TBILISI (Reuters) - The widow of Georgia's first post-Soviet president tried to dig him up on Wednesday and re-bury him for the fifth time since his death in 1993, but she was stopped from doing so by police.

Zviad Gamsakhurdia in death has stirred almost as much controversy as alive, buried four times since he died of a single bullet to the head after a failed bid to reverse his ousting in Georgia's turbulent first years of independence.

On Wednesday, Gamsakhurdia's widow Manana and supporters began digging up the coffin at Tbilisi's Mtatsminda Pantheon -- where the nationalist and anti-Soviet dissident lies alongside other prominent Georgians.

Georgian media quoted his widow as saying she wanted to protest against the imprisonment of her son Tsotne on charges of espionage. She also wanted to re-bury Gamsakhurdia at the residence of his late father, writer Konstantin Gamsakhurdia.

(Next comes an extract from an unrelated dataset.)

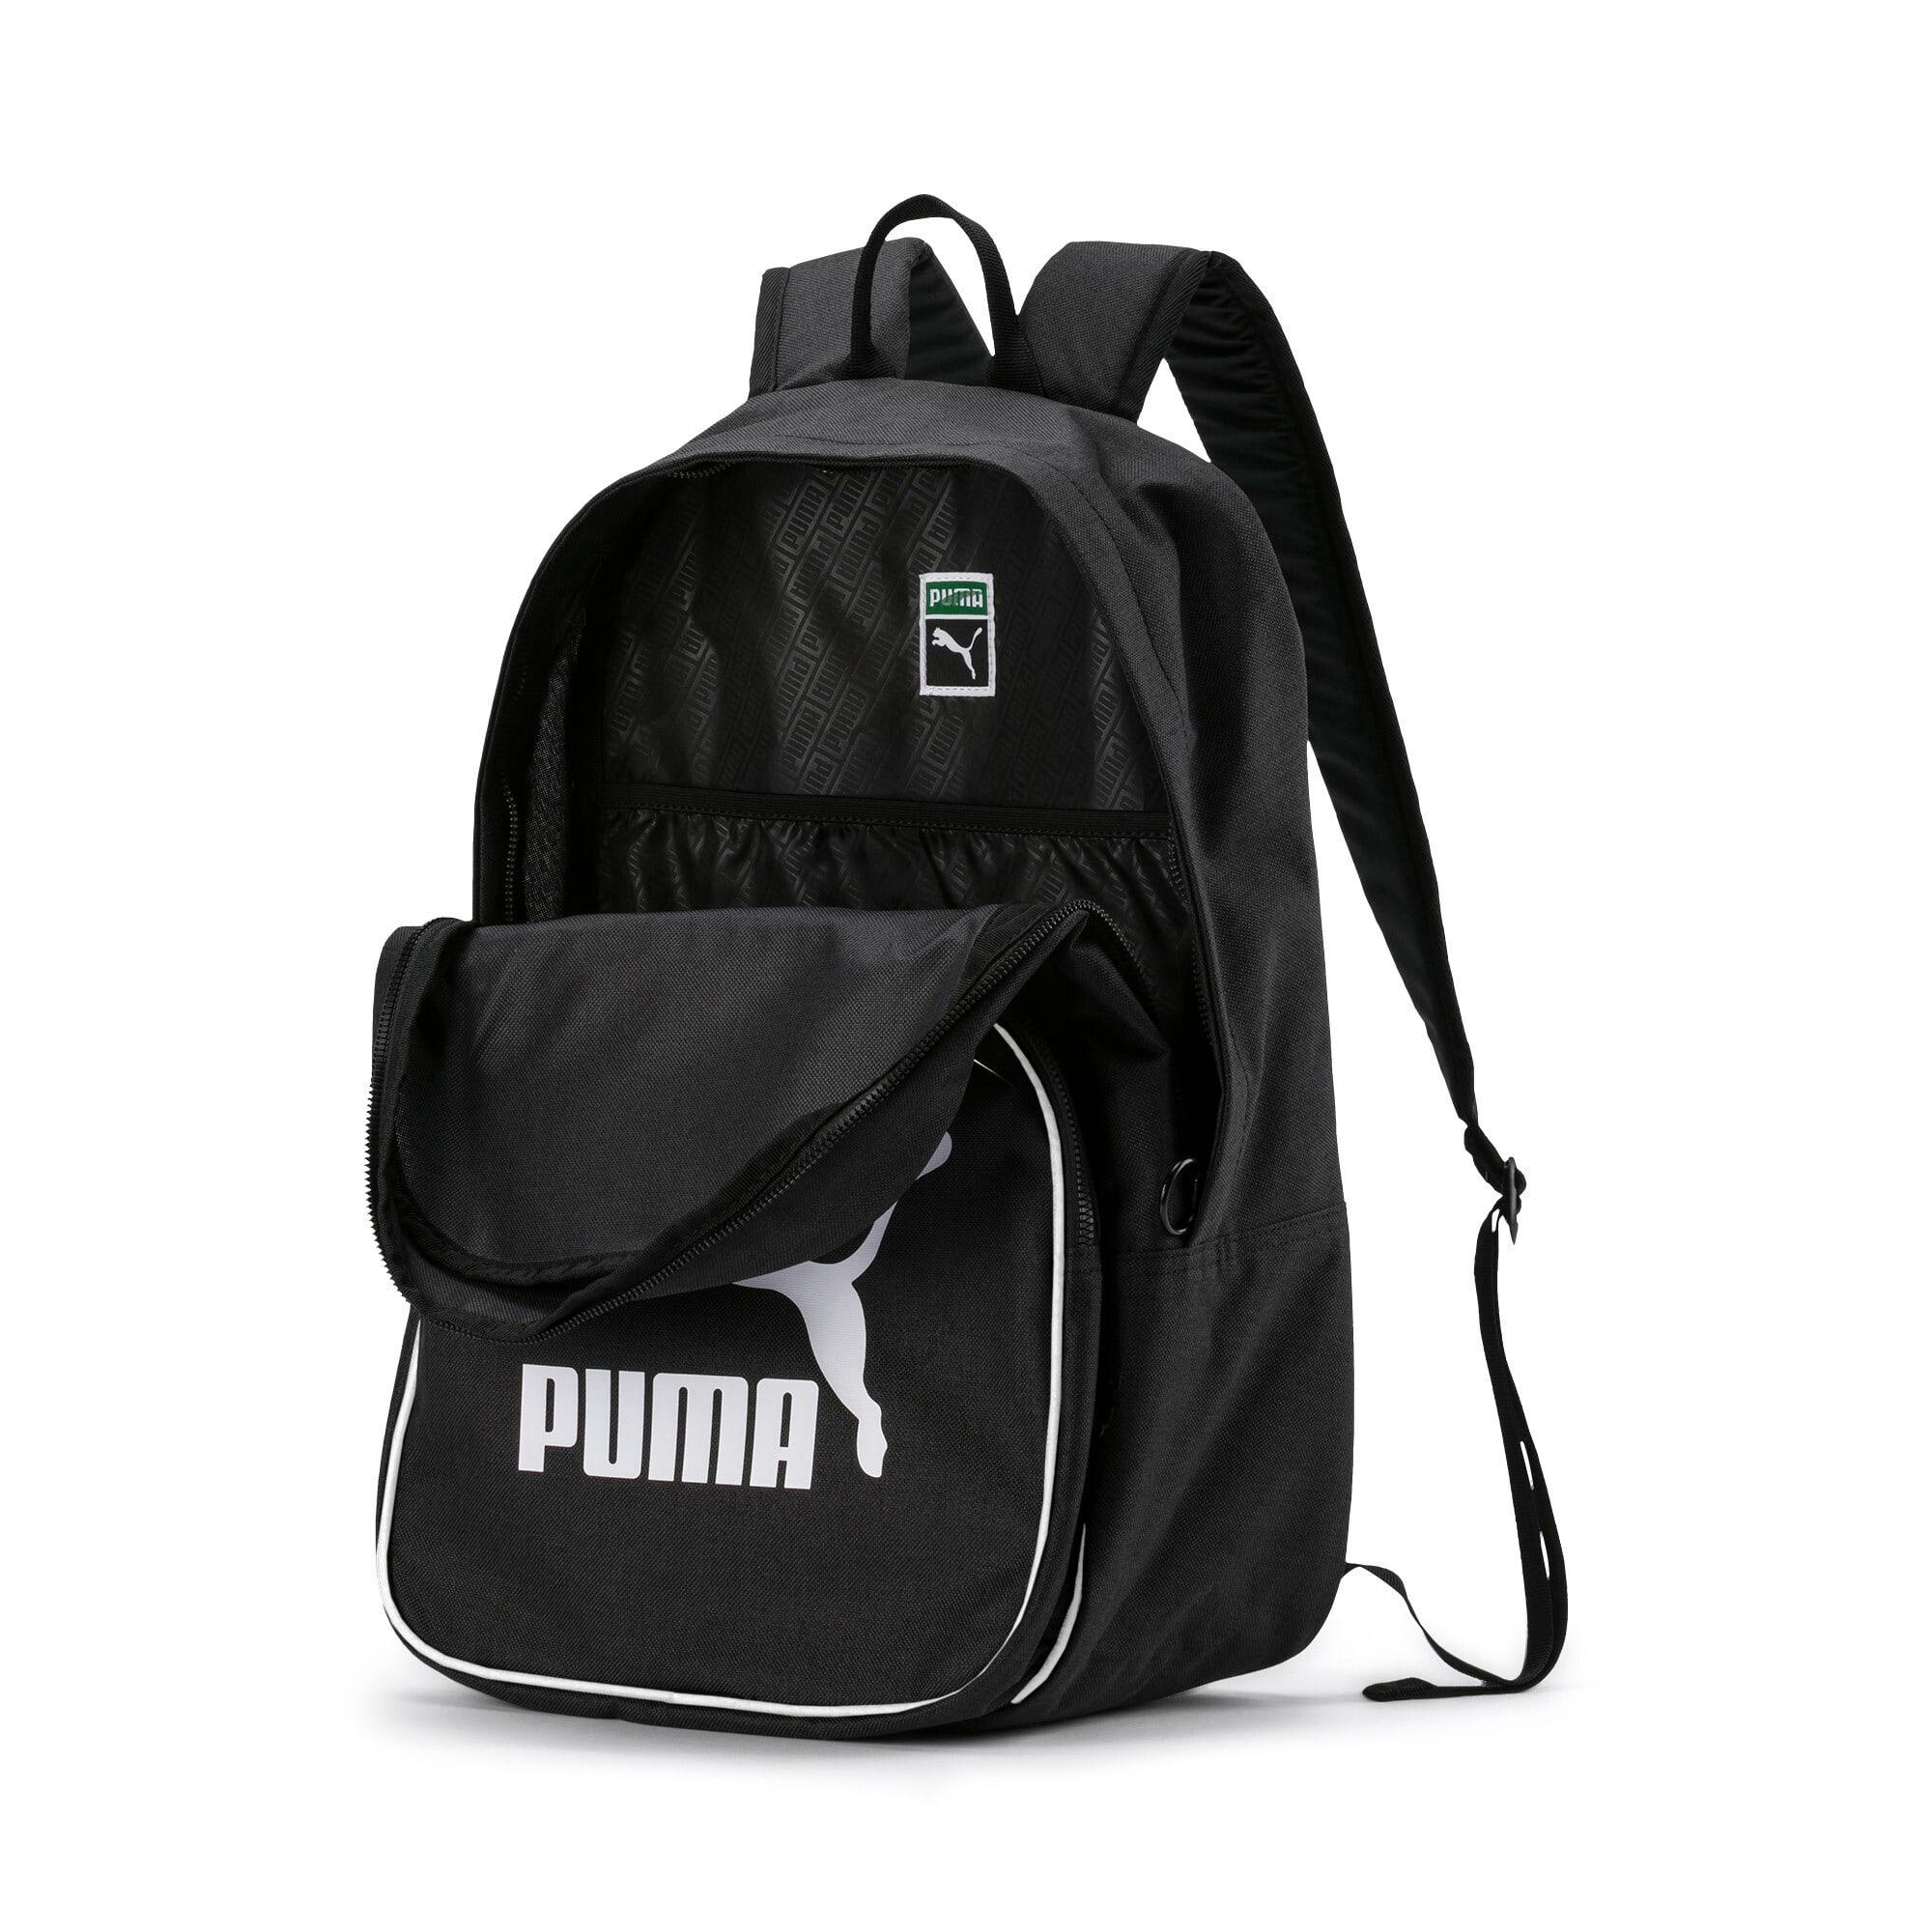 Thumbnail 4 of Originals Retro Woven Backpack, Puma Black, medium

Police surrounded the burial plot and began shovelling the earth back in before the crowd dispersed.

Gamsakhurdia was first buried in western Georgia, but then reburied in the southern Russian region of Chechnya when his widow moved there. That grave was later found empty, before his remains were found in the Chechen capital in March 2007.

Pro-Western Georgian President Mikheil Saakashvili instigated the return of Gamsakhurdia's remains in April 2007.

He is officially said to have committed suicide, but some family members and diehard supporters say he was murdered.

Some revere him as the man who led Georgia to independence from the Soviet Union in 1991, but his detractors say his brief rule fanned nationalism and plunged Georgia into civil war.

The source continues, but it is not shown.